Random number that doesn't repeat. (javascript)

Question

I'm not sure if its my logic that doesn't make sense or some syntax error, but it doesn't work. What I am trying to do is have a function that creates a random number every time you call the function. The only catch is three of the same numbers can't be created in a row. For example: 1,1,2 would work. 1,2,1,2,1,2,1,2 would also work. But 111 would not work. So if the number matches the previous two, it should choose another random number.
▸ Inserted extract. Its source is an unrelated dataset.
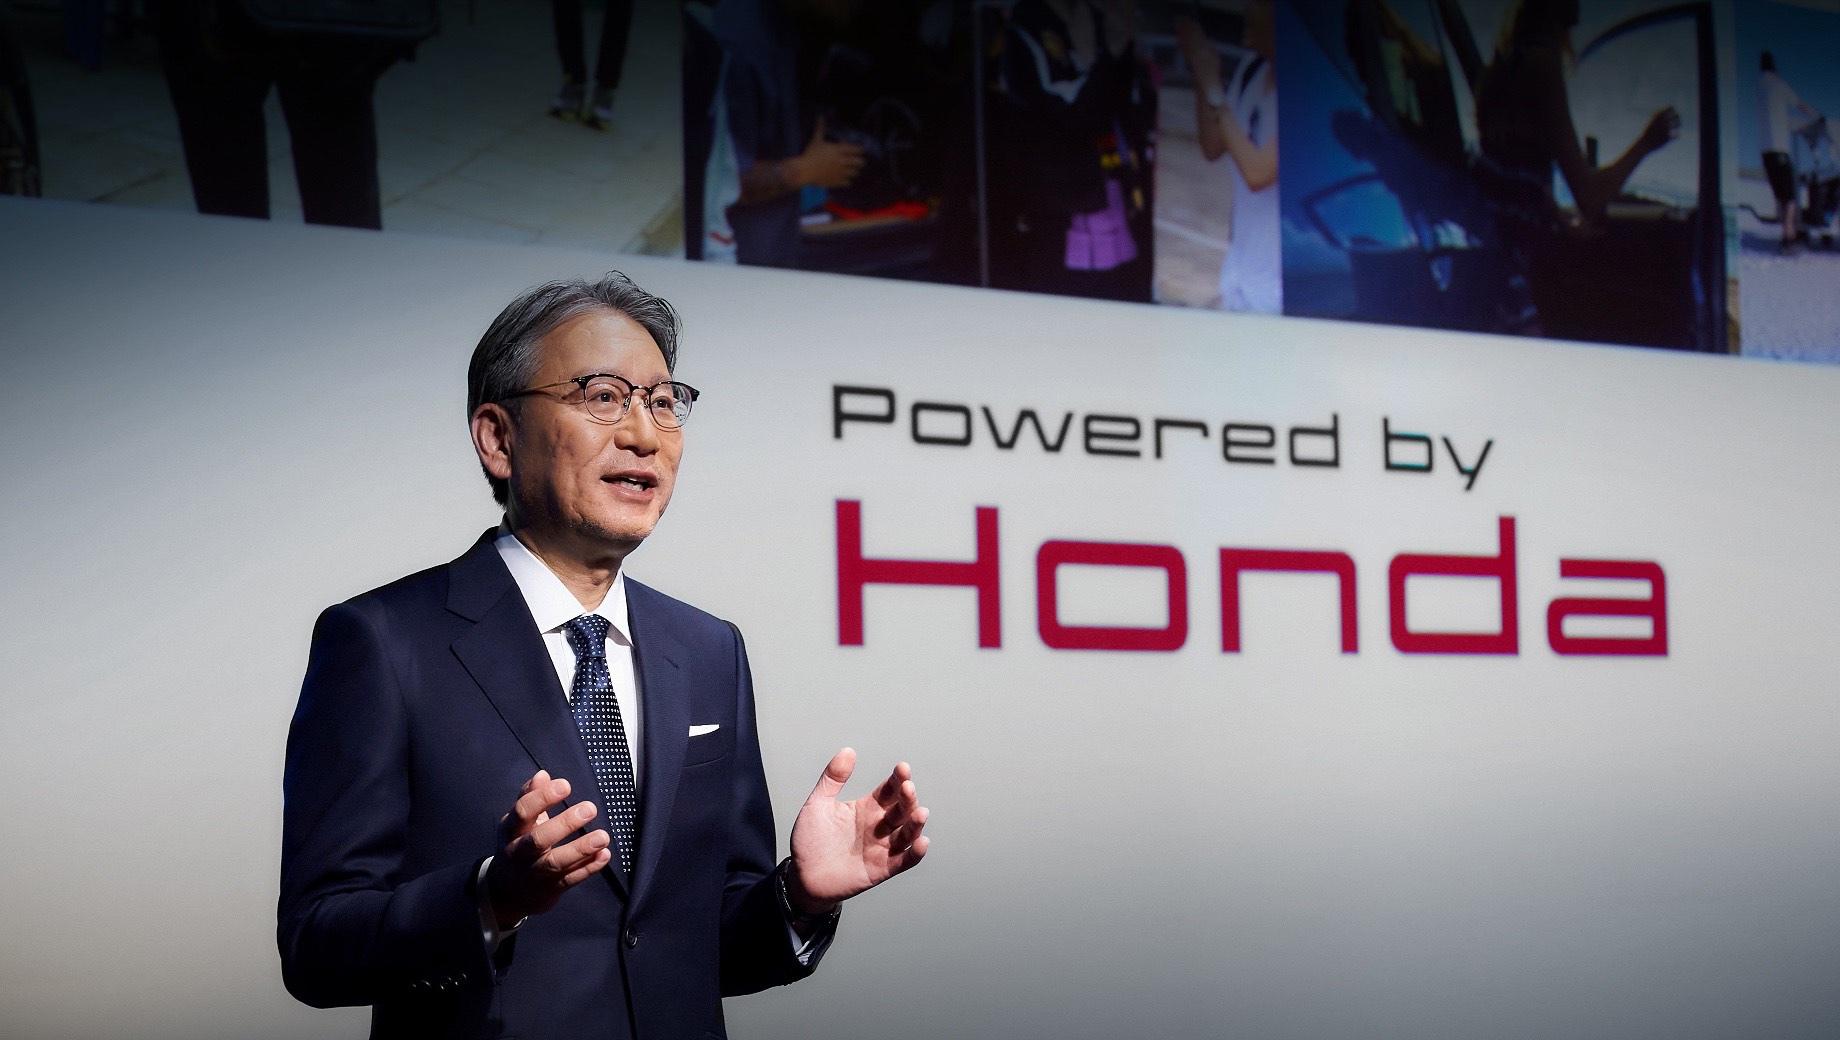 Honda назначила полную электрификацию на 2040 год

Here is the errors I get:

Assets/NewBehaviourScript.js(13,10): BCW0023: WARNING: This method could return default value implicitly.

Assets/NewBehaviourScript.js(35,33): BCW0015: WARNING: Unreachable code detected.

Here is my current code:

 #pragma strict
 
 var firstNumber: int;
 var secondNumber: int;
 var thirdNumber: int;
 
 var firstTry: boolean = false;
 var secondTry: boolean = false;
 var thirdTry: boolean = false;
 
 
 
 function noRepeatRandom(){
     if (firstTry == false){
         firstNumber = Random.Range(1,4);
         firstTry = true;
         return firstNumber;
     }
     else if (firstTry == true && secondTry == false){
         secondNumber = Random.Range(1,4);
         if (secondNumber != firstNumber){
             firstTry = false;
         }
         else{
         secondTry = true;
         }
         return secondNumber;
     }
     else if (secondTry == true){
         while (true){
             thirdNumber = Random.Range(1,4);
             if (thirdNumber != secondNumber){
                 secondTry = false;
                 return thirdNumber;
                 break;
             }    
         }
     }
 }
 
 
 
 Debug.Log(noRepeatRandom());

I've used the return command in python but never in JavaScript, so those might be the problem.

Answer 1

Best Answer

Answer by byurocks23 · Mar 19, 2014 at 11:26 PM

I think I have found my solution

 var previousPreviousNumber: int = 0;
 var previousNumber: int = 0;
 var currentNumber: int = 0;
 var finalNumber: int;
 
 function noRepeatRandom(){
     while (true){
         currentNumber = Random.Range(1,4);
         if (currentNumber != previousNumber || currentNumber != previousPreviousNumber){
             finalNumber = currentNumber;
             previousPreviousNumber = previousNumber;
             previousNumber = currentNumber;
             break;
         }
     }
     Debug.Log("finalNumber " + finalNumber);
 }
 
 
 InvokeRepeating ("noRepeatRandom",2,1);

I've been running this for some time and I haven't encountered it running into three in a row.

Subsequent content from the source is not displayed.